His first experience of Italian football dates back to 1983, some 14 years before he would eventually pitch up in Turin. He was on the verge of breaking into the Aston Villa team as an 18-year-old when they travelled to Italy for a summer friendly against Udinese. Dorigo, whose father was born in Udine, had relatives in the stadium and was eager to impress European Cup-winning manager Tony Barton. Such was his enthusiasm to stand out that he aggravated an Italian legend.

“I’m marking this old man with a moustache and he’s a right winger. He’s trying to take me on and I’m kicking him. He’s swearing at me and looking at me as if I’ve done something to his wife. The next time he gets the ball, he tries to take me on and bang, I win the ball. He’s getting angrier and angrier and the Udinese players are telling me to calm down. But I’m trying to get in the Villa first team; whoever is against me, I’m trying to have them. So I kept kicking him, and after the game, they interviewed me, and said: ‘You do realise the man you played against is the great Franco Causio? Why did you kick him so much?’ I said: ‘Was it? I’m so sorry. I didn’t realise.’ This guy is an Italian hero!”

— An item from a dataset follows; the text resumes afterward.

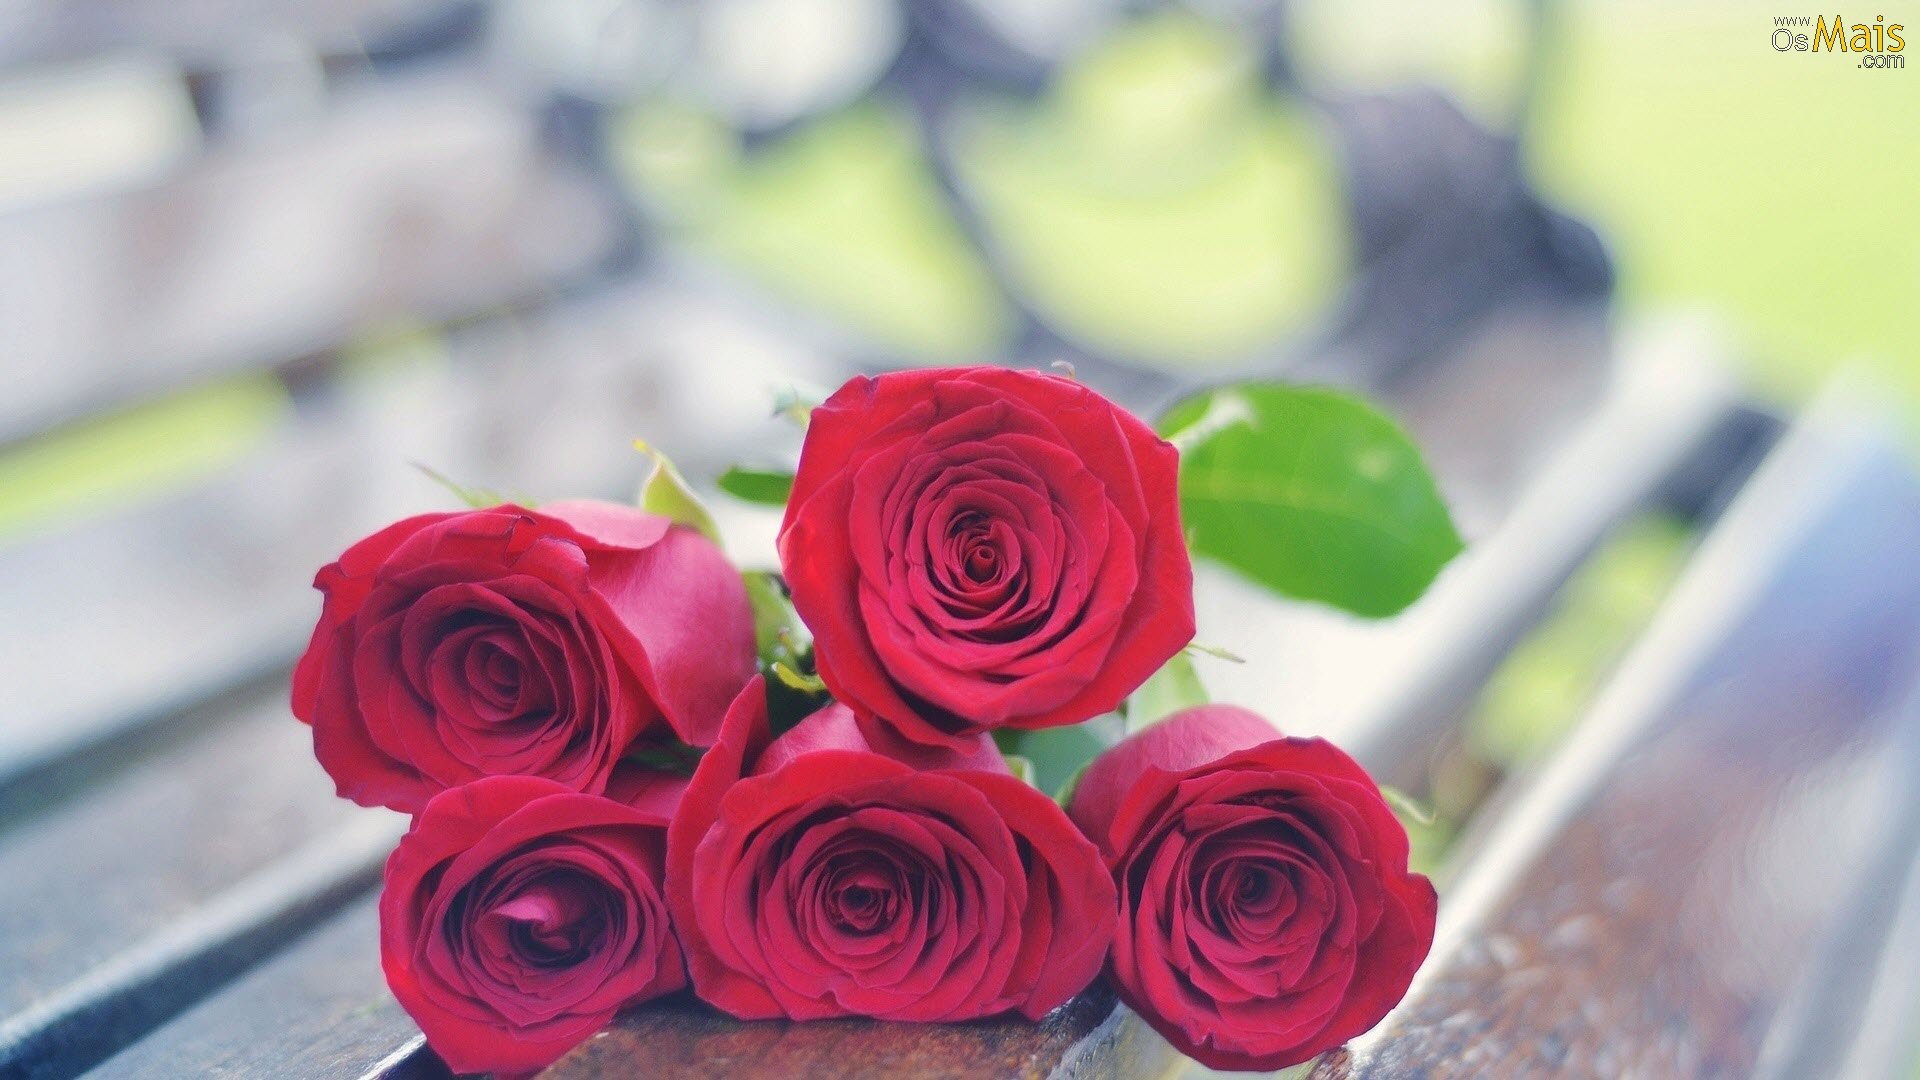 ロザスの壁紙,花,庭のバラ,ローズ,ピンク,赤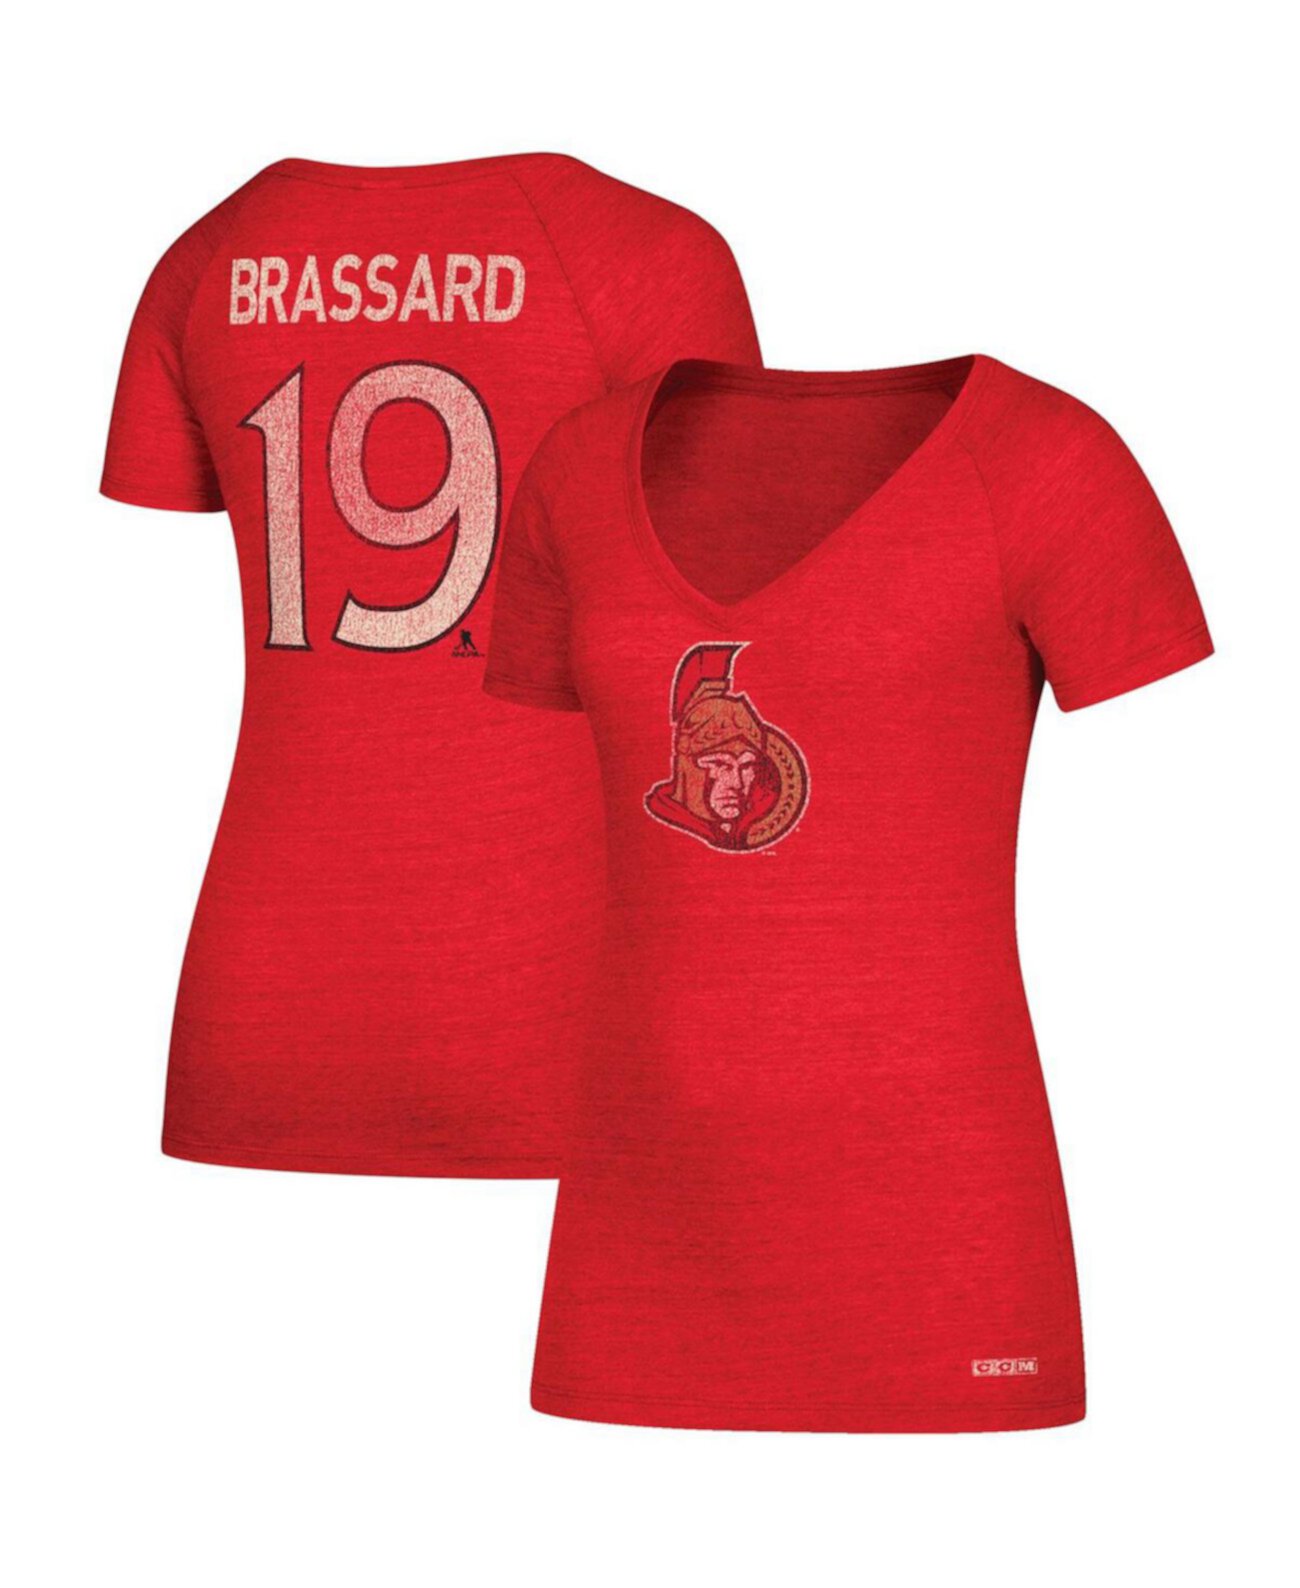 Женская футболка Derick Brassard Red Ottawa Senators с именем и номером и v-образным вырезом CCM

Dorigo left his mark in more ways than one. Udinese were impressed by his tenacity and wanted to sign him. “Supposedly after the game, Udinese put in an offer for a few hundred thousands pounds, but Villa said no.” Villa also played their part in Dorigo’s international career, standing in the way of him representing the country of his birth. “The country I wanted to play for, growing up, was Australia as I was born there and didn’t leave until I was 15,” says Dorigo. “They asked me when I was 18 and in the Villa first team, and that was a big thing. But in the 1980s the international calendar wasn’t aligned with club football, so you had to basically leave your club to play for your country.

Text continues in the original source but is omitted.